Substitutions and Variations
- Stand Mixer - The bread can be mixed together and kneaded in a stand mixer (affiliate link). Mix the yeast mixture with the other ingredients on low until the dough comes together. Increase speed to medium and mix and knead until smooth and elastic.
- No Overnight Ferment - Letting the dough sit in the refrigerator for 12-24 hours develops the best flavor and texture to the bread. In a hurry, this step can be skipped. Follow the instructions for shaping, the second rising, and baking the bread as directed.

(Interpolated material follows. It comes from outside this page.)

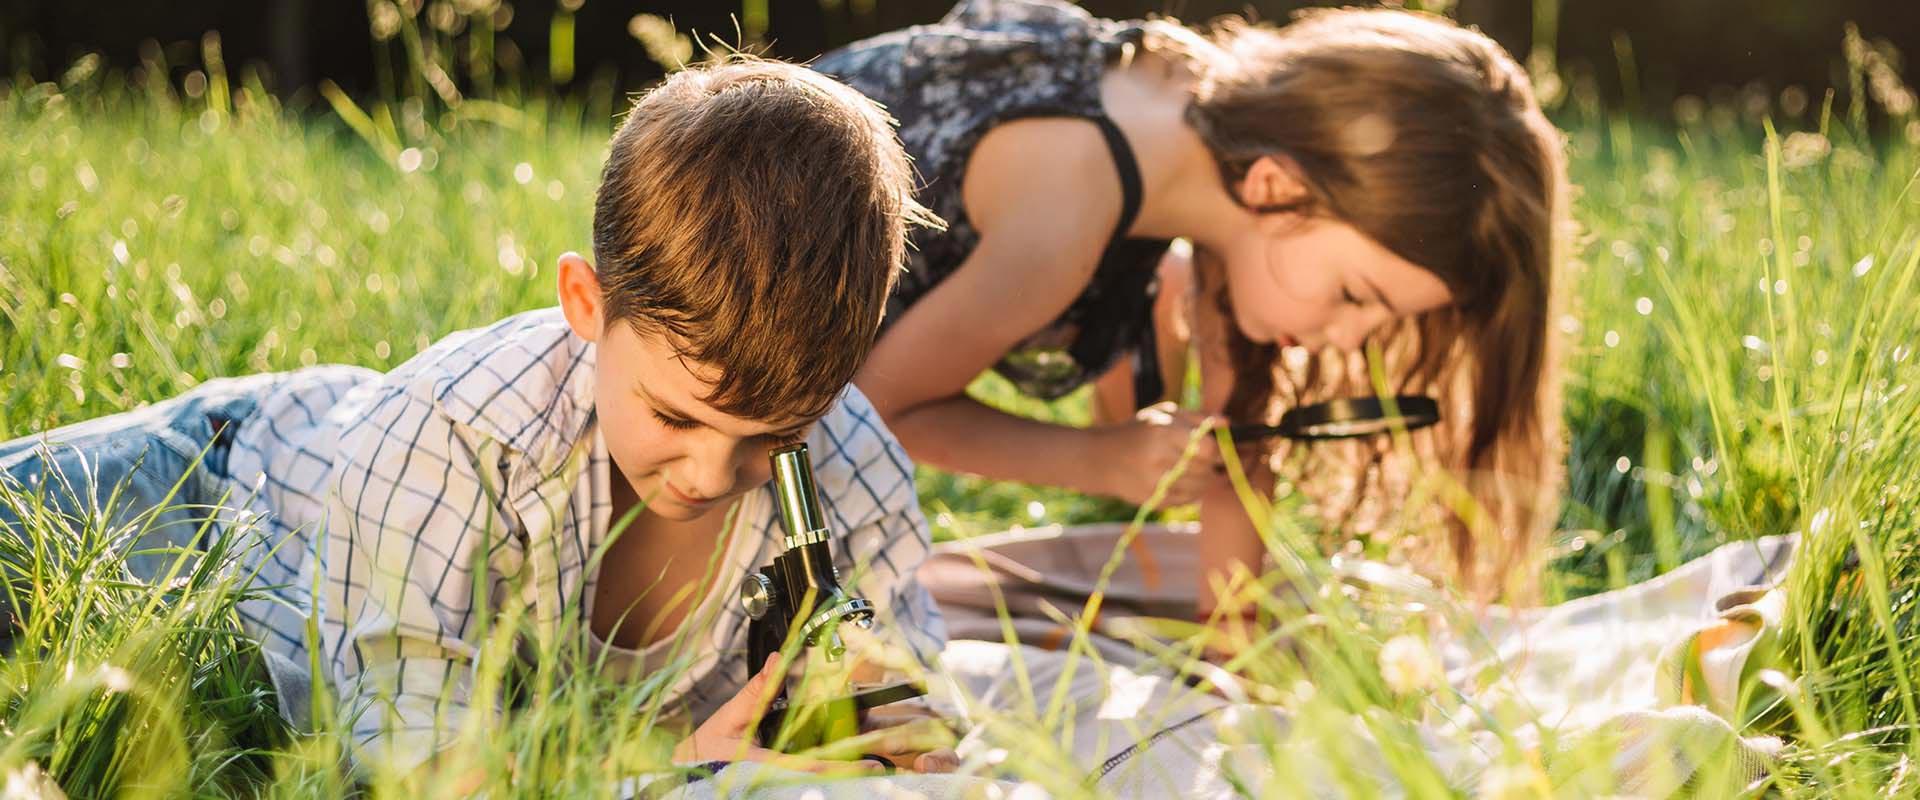 Dare County Schools Calendar 2020 And 2021 – Publicholidays For Dare County School Calendar 2021

- Shapes - Instead of shaping the dough into two baguettes, shape the dough into two rounds or one larger oval shape.
Sonja F.
I tried this recipe yesterday and was very happy with the results! This bread has a good crust and dense texture, typical of authentic Italian bakeries. This recipe is definitely going in my recipe box!
Amanda Scarlati
Thank you Sonja, I'm so glad you enjoyed it!
Kristin
I have made this recipe multiple times and it has the best flavor and texture! Such an easy and delicious bread!
Amanda Scarlati
Thanks Kristin! I'm so glad you enjoy it!
TINA
Where's the sugar to activate the dry yeast? My first try without sugar didn't work. Had to use sugar. But you don't state this. How did you get 5* for not stating the obvious?
Amanda
Hey Tina, Thanks for your comment. You don't need sugar to activate yeast. It helps to jump start the process and make sure your yeast is alive, but isn't necessary. If your bread didn't work, it's possible that your yeast is going bad or you didn't give it time to rise. I, as well as others, have made this recipe many times without sugar and it has turned out just fine.